Westerly wind bursts (WWBs) in the equatorial Pacific occur during the development of most El
Niño events and are believed to be a major factor in ENSO's dynamics. Because of their short time
scale, WWBs are normally considered part of a stochastic forcing of ENSO, completely external to the
interannual ENSO variability. Recent observational studies, however, suggest that the occurrence and
characteristics of WWBs may depend to some extent on the state of ENSO components, implying that
WWBs, which force ENSO, are modulated by ENSO itself.

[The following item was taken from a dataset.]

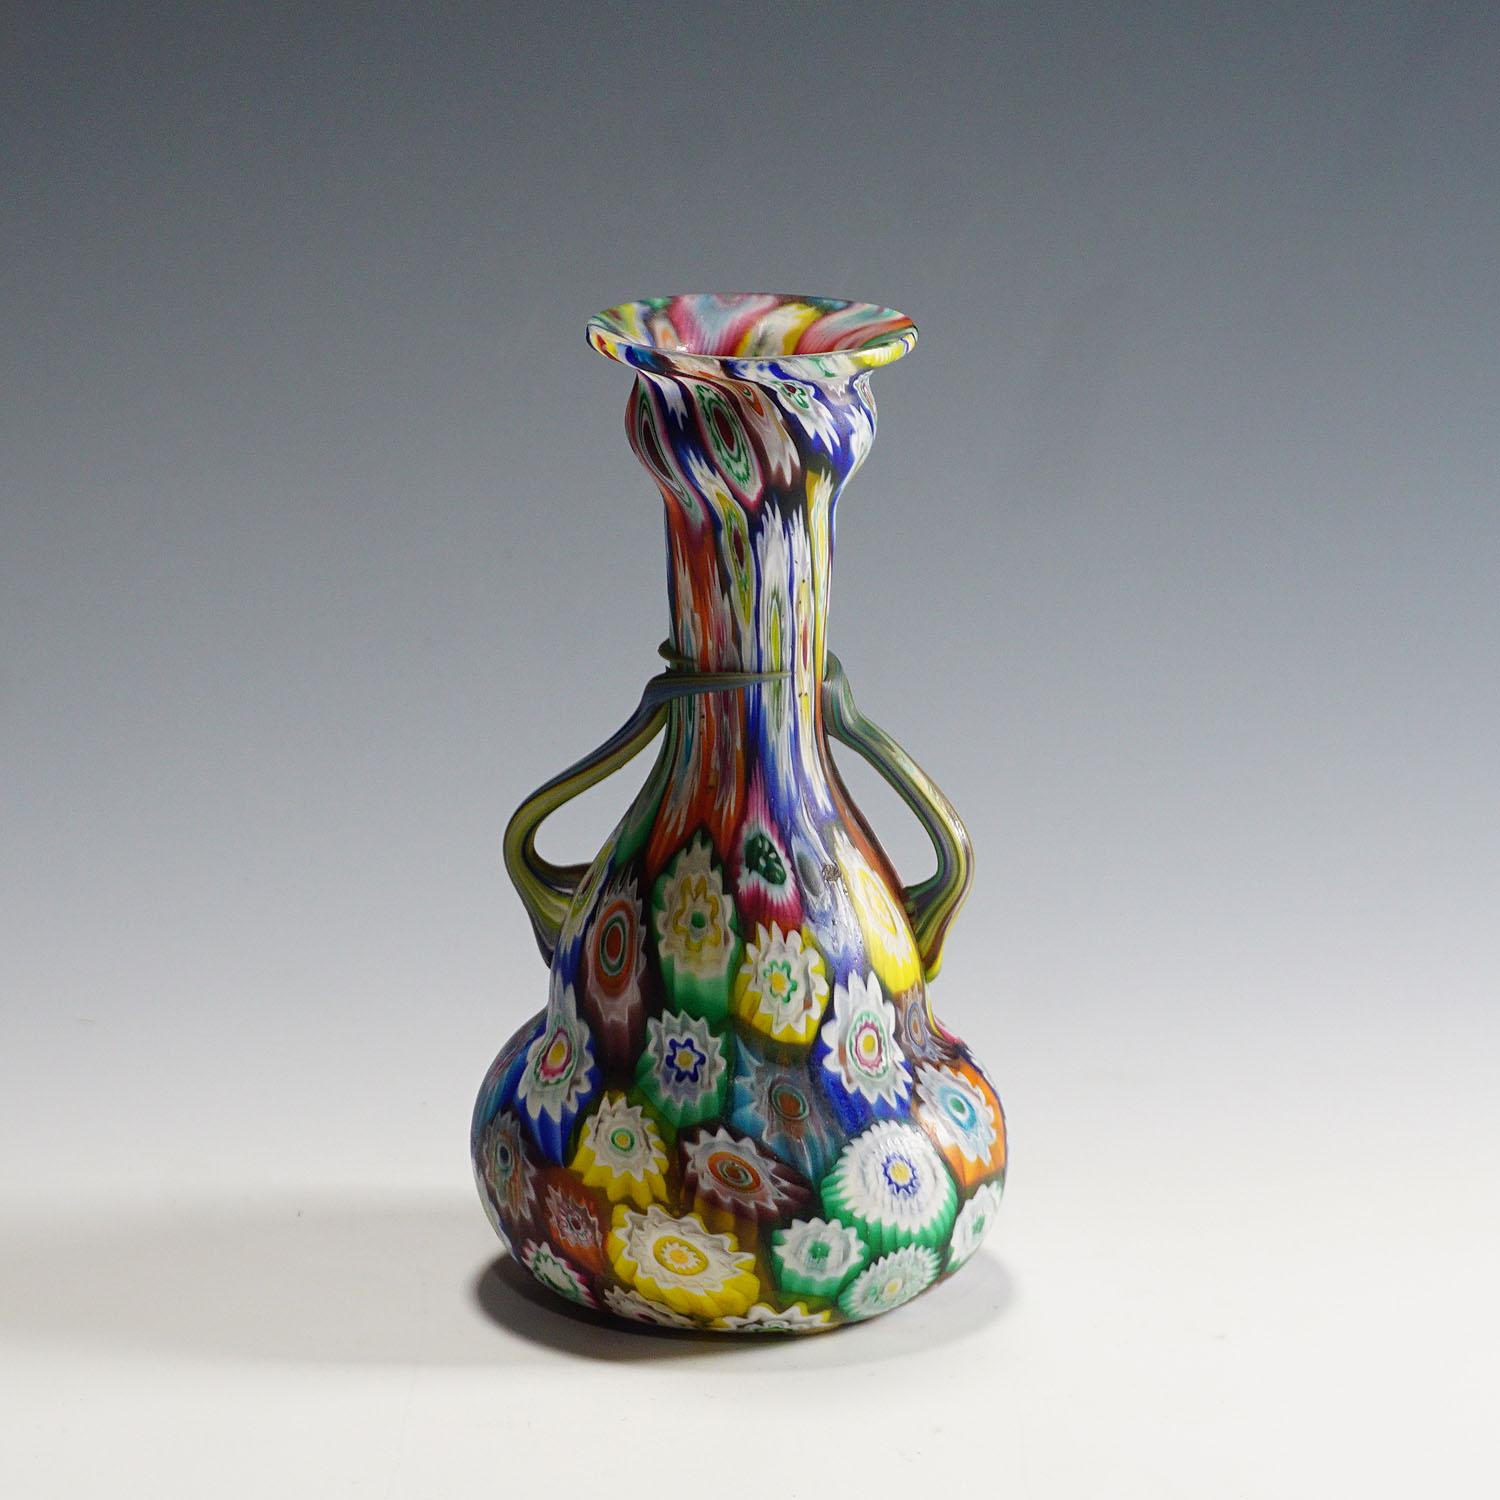 Eine sehr schöne murrine Glasvase, hergestellt von Vetreria Fratelli Toso Anfang des 20. Die Vase ist mit polychromen, mehrfarbigen Millefiori-Murrinen ausgeführt und hat zwei Henkel. Ein authentisches Beispiel für Murano-Kunstglas aus dem frühen
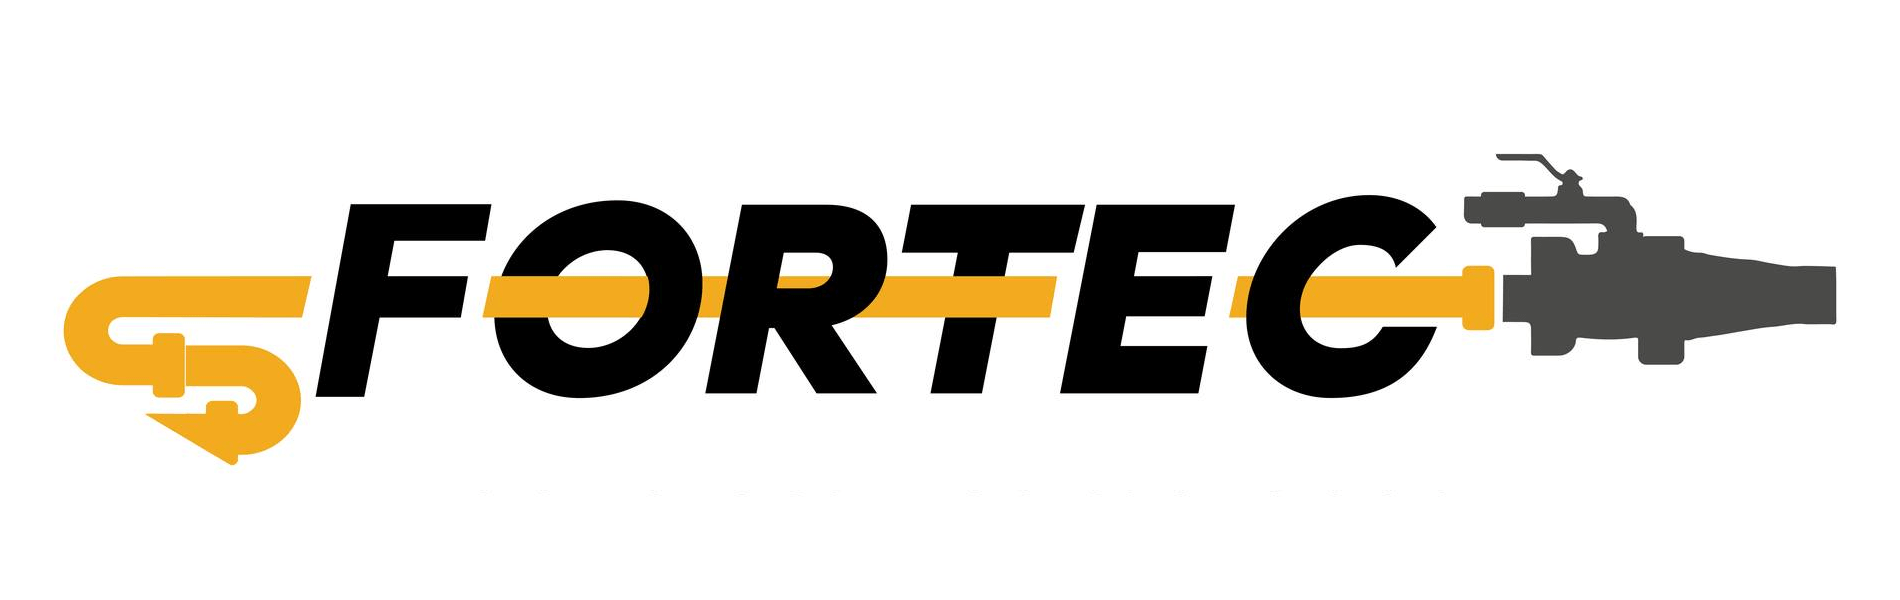 Logotipo Fortec Lanzado de Concreto

Satellite and in situ observations are used here to show that WWBs are significantly more likely to
occur when the warm pool is extended eastward. Based on these observations, WWBs are added to
an intermediate complexity coupled ocean-atmosphere ENSO model. The representation of WWBs is
idealized such that their occurrence is modulated by the warm pool extent. The resulting model run is
compared with a run in which the WWBs are stochastically applied. The modulation of WWBs by ENSO
results in an enhancement of the slow frequency component of the WWBs. This causes the amplitude of
ENSO events forced by modulated WWBs to be twice as large as the amplitude of ENSO events forced
by stochastic WWBs with the same amplitude and average frequency. Based on this result, it is suggested
that the modulation of WWBs by the equatorial Pacific SST is a critical element of ENSO's dynamics, and
that WWBs should not be regarded as purely stochastic forcing. In the paradigm proposed here, WWBs
are still an important aspect of ENSO's dynamics, but they are treated as being partially stochastic and
partially affected by the large-scale ENSO dynamics, rather than being completely external to ENSO.
It is further shown that WWB modulation by the large-scale equatorial SST field is roughly equivalent
to an increase in the ocean-atmosphere coupling strength, making the coupled equatorial Pacific effectively self-sustained.